If the hook emits JSON correctly but Claude Code doesn't inject it, re-install the plugin (claude plugin uninstall ai-dev-team && claude plugin install ai-dev-team). If the hook errors, report the error in the plugin repo.

Baseline test fails immediately — the repo uses develop / trunk / something other than master or main. The feature skill auto-detects master or main. For a non-standard base branch, set the branch: field in the spec frontmatter and reference the real base explicitly, e.g.:

branch: feat/2026-04-17-my-feature  # cut from develop, not master — `feat/` here is one of the seven conventional prefixes (`feat / fix / refactor / ci / docs / test / chore`) and depends on the spec's `change_type`

Then check out the non-standard base before running /feature. A permanent fix is tracked in BACKLOG.

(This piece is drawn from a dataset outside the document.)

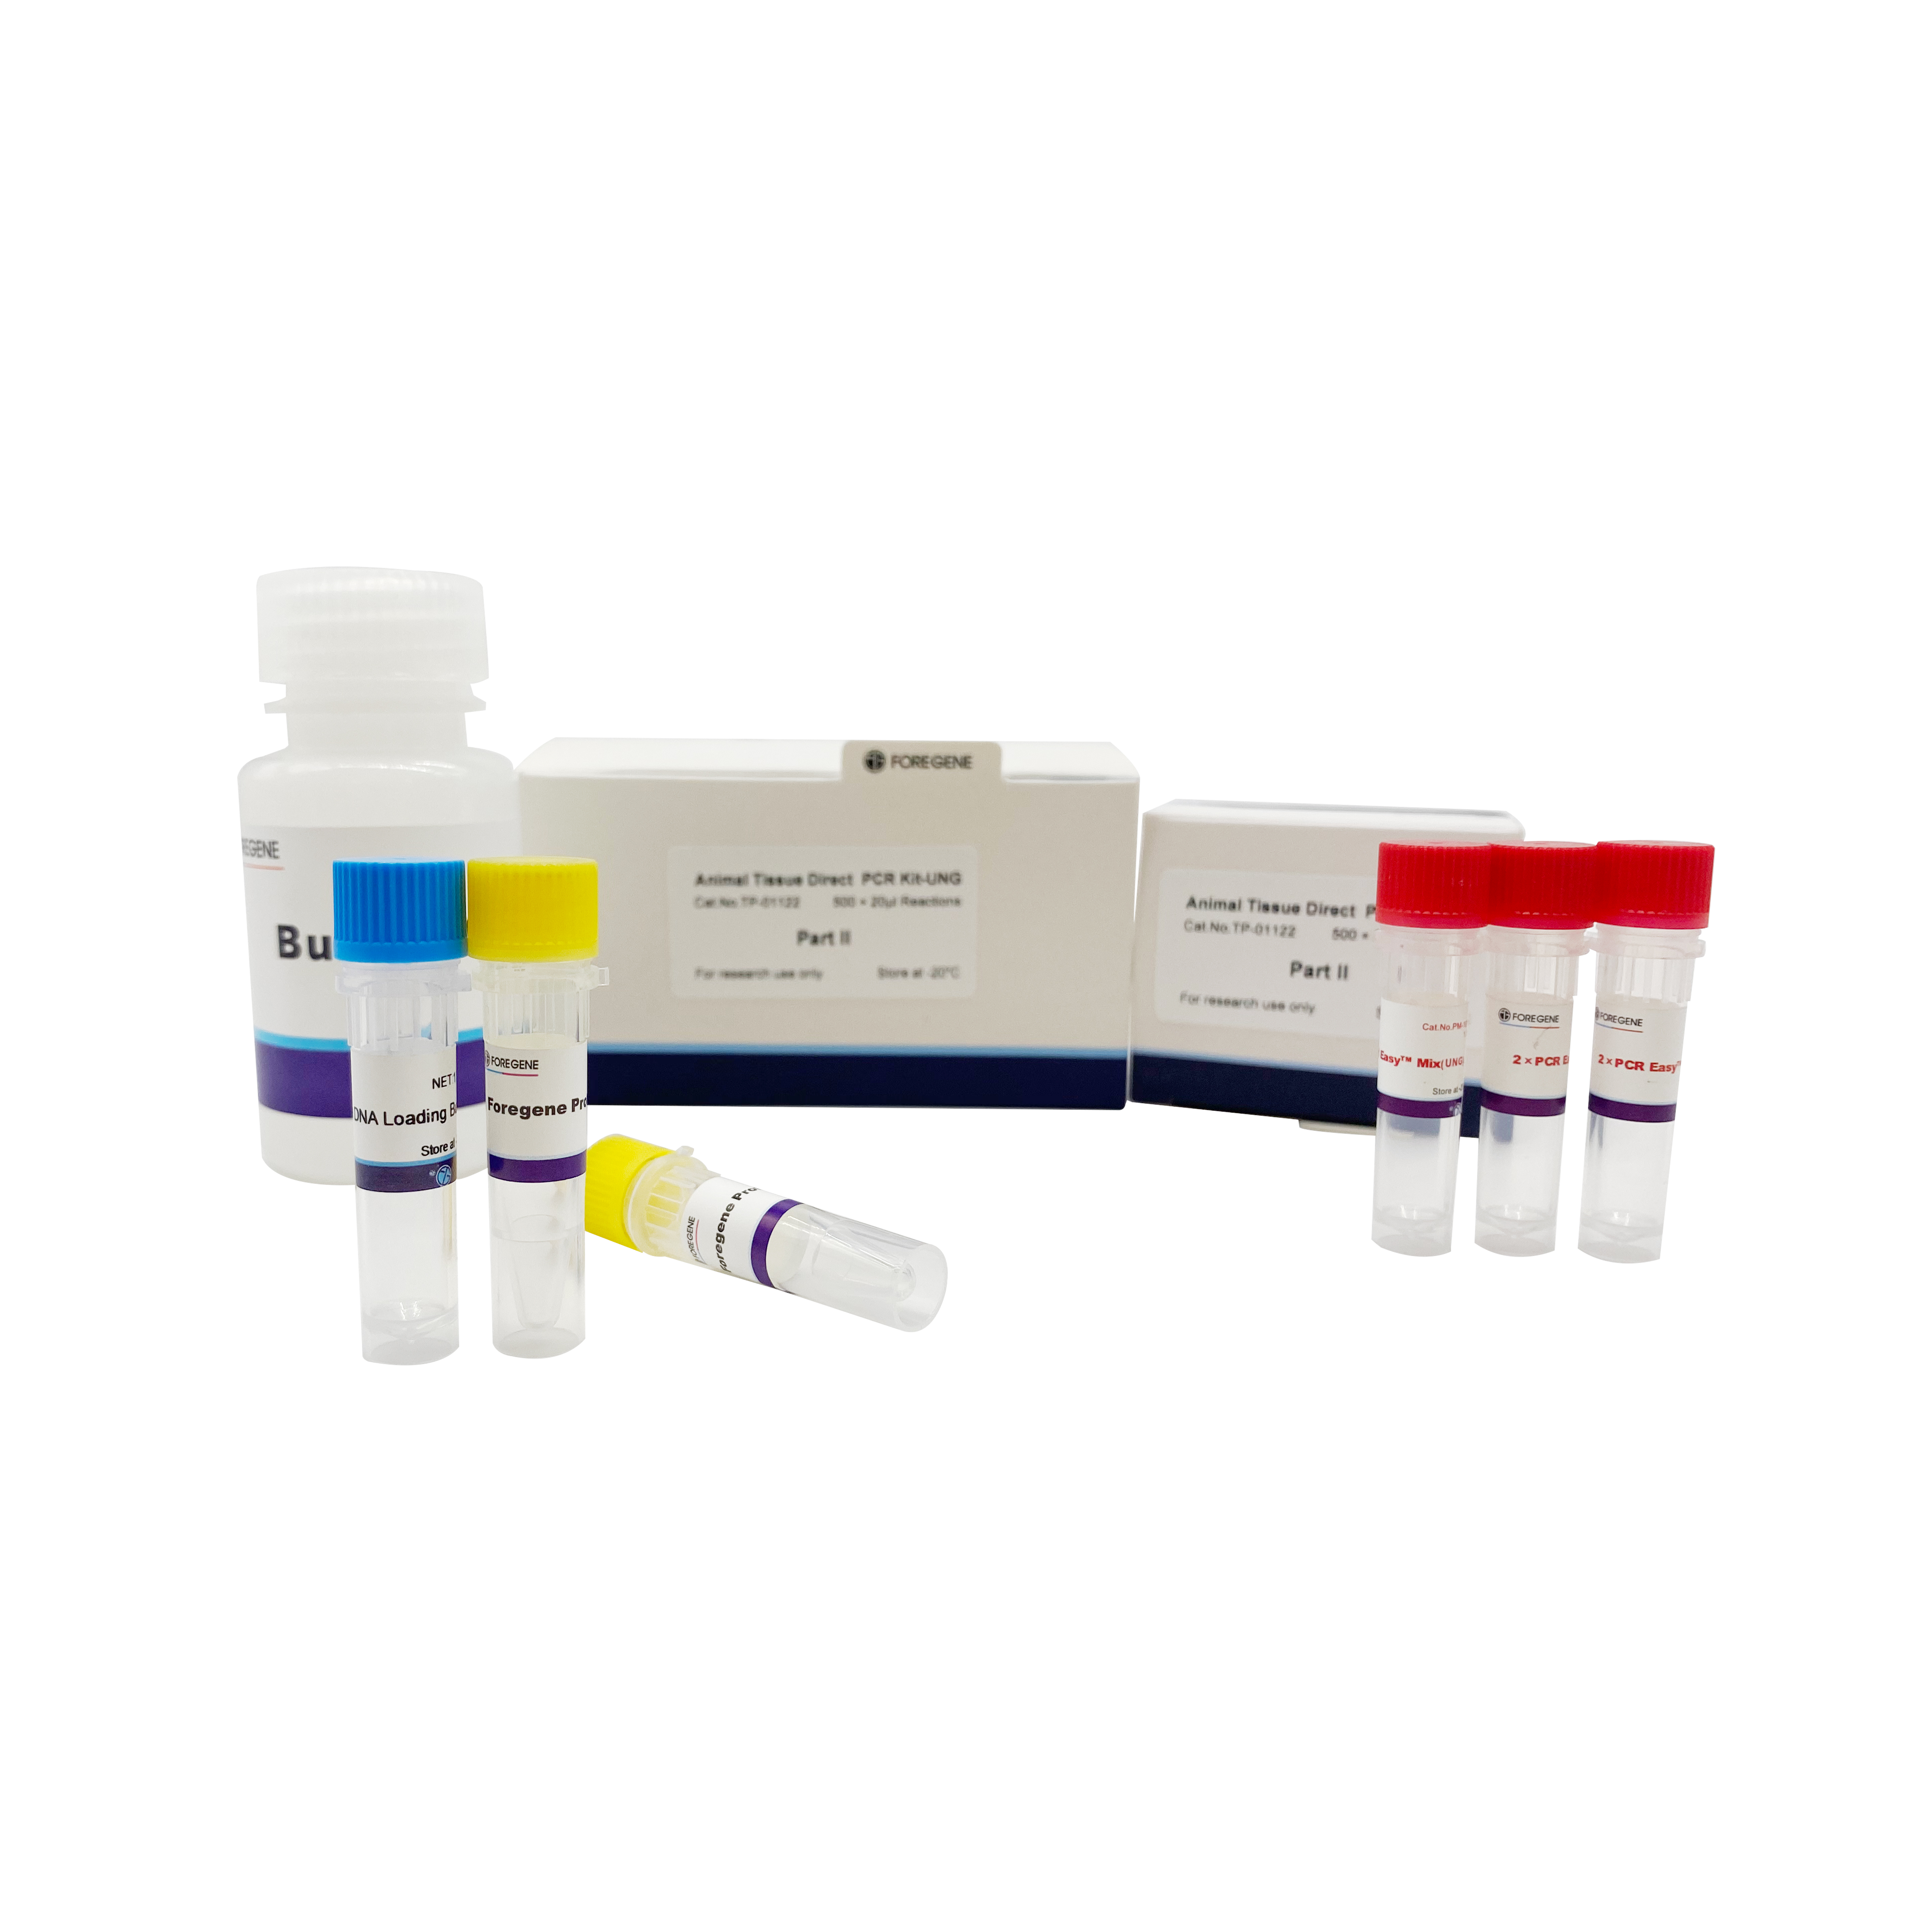 Animal Tissue Direct PCR kit-UNG (sans extraction d'ADN)
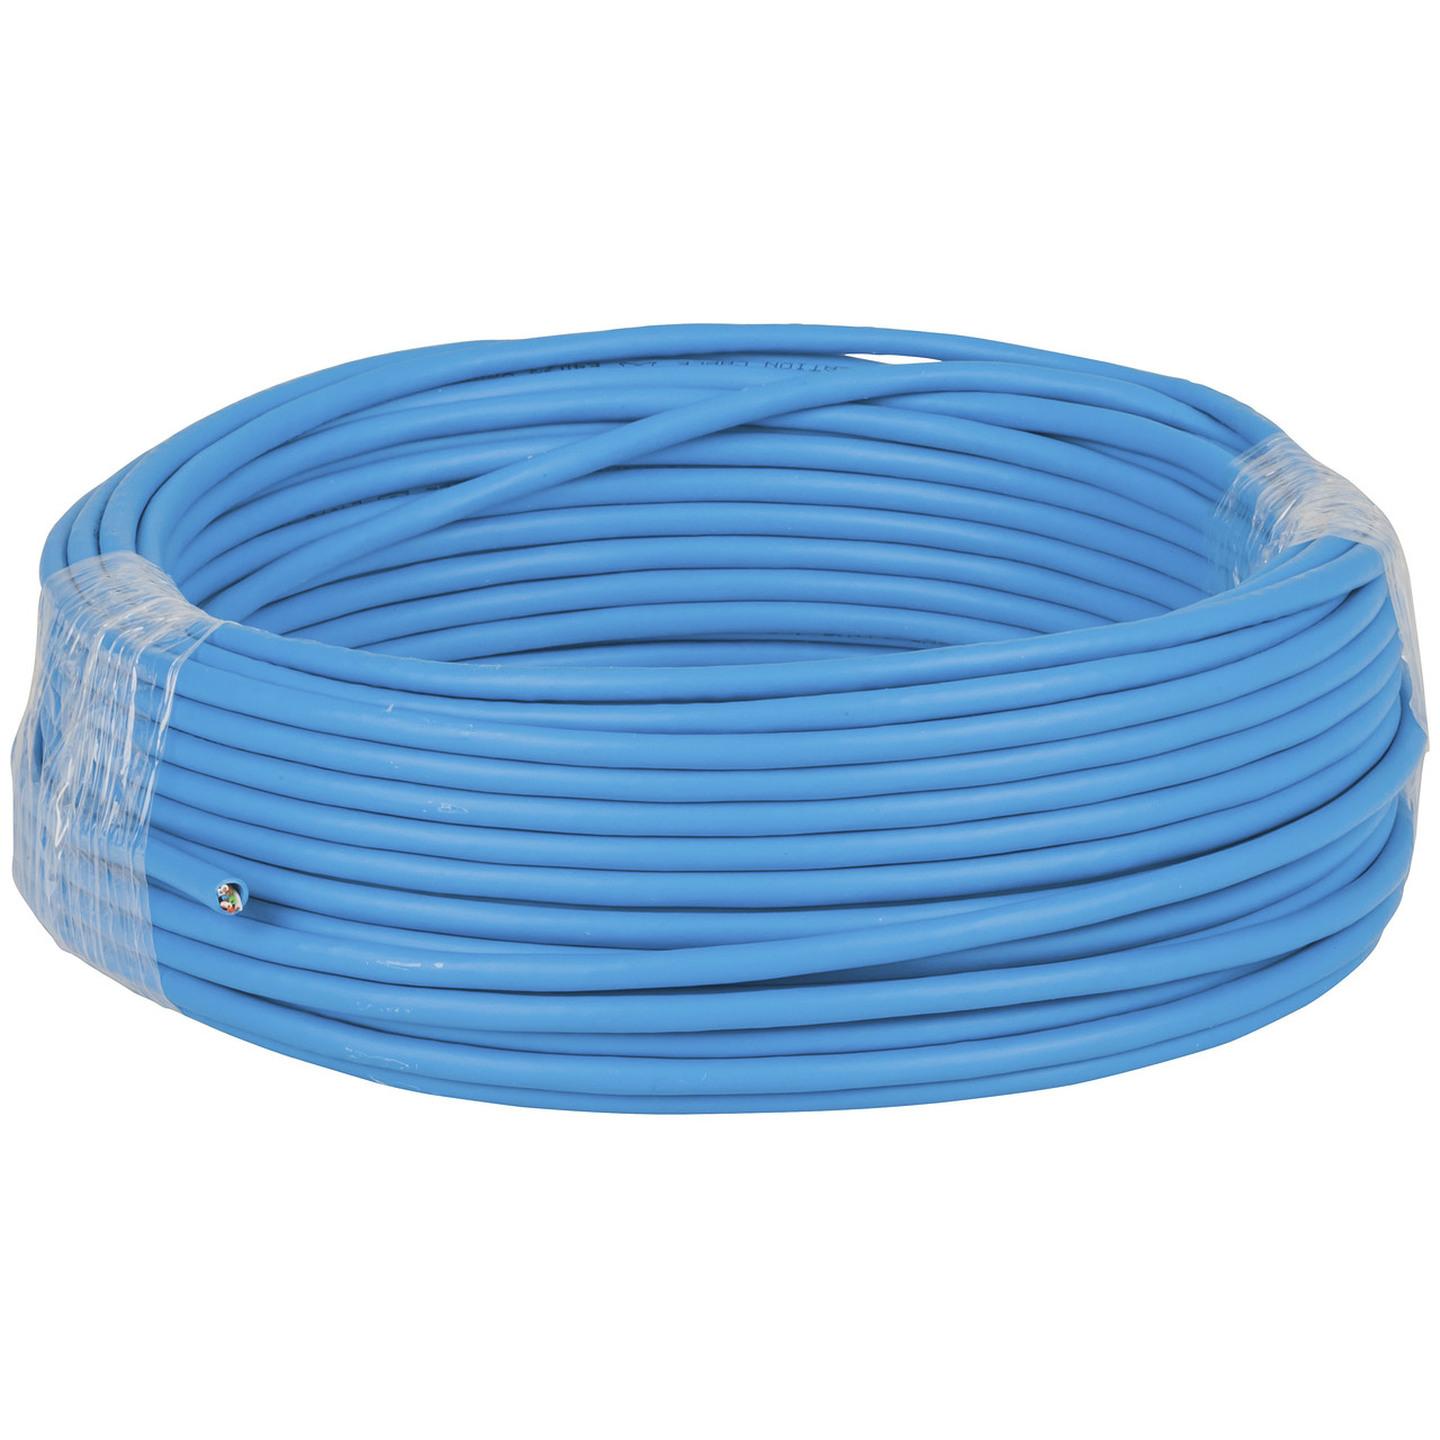 Cat 5e Solid Network Cable - Polywrapped 30M pack

/feature new fails on mkdir — KB root exists but repos/<project>/ doesn't. The skill creates <kb>/repos/<project>/design/ on first use, but a stricter filesystem (read-only mount, permission denied) can fail the mkdir. Fix manually:

mkdir -p <kb>/repos/<project>/design/workdocs

Then re-run /feature new.


Maintainers

Before releasing a new version, run the smoke test locally:

bash tests/smoke.sh

It validates manifest integrity, agent frontmatter, skill structure, the SessionStart hook across env variants, post-edit-lint graceful-exit behaviour + shell-injection regression, the shared developer-workflow reference, and internal markdown links. No network, no Claude — just shell + python3.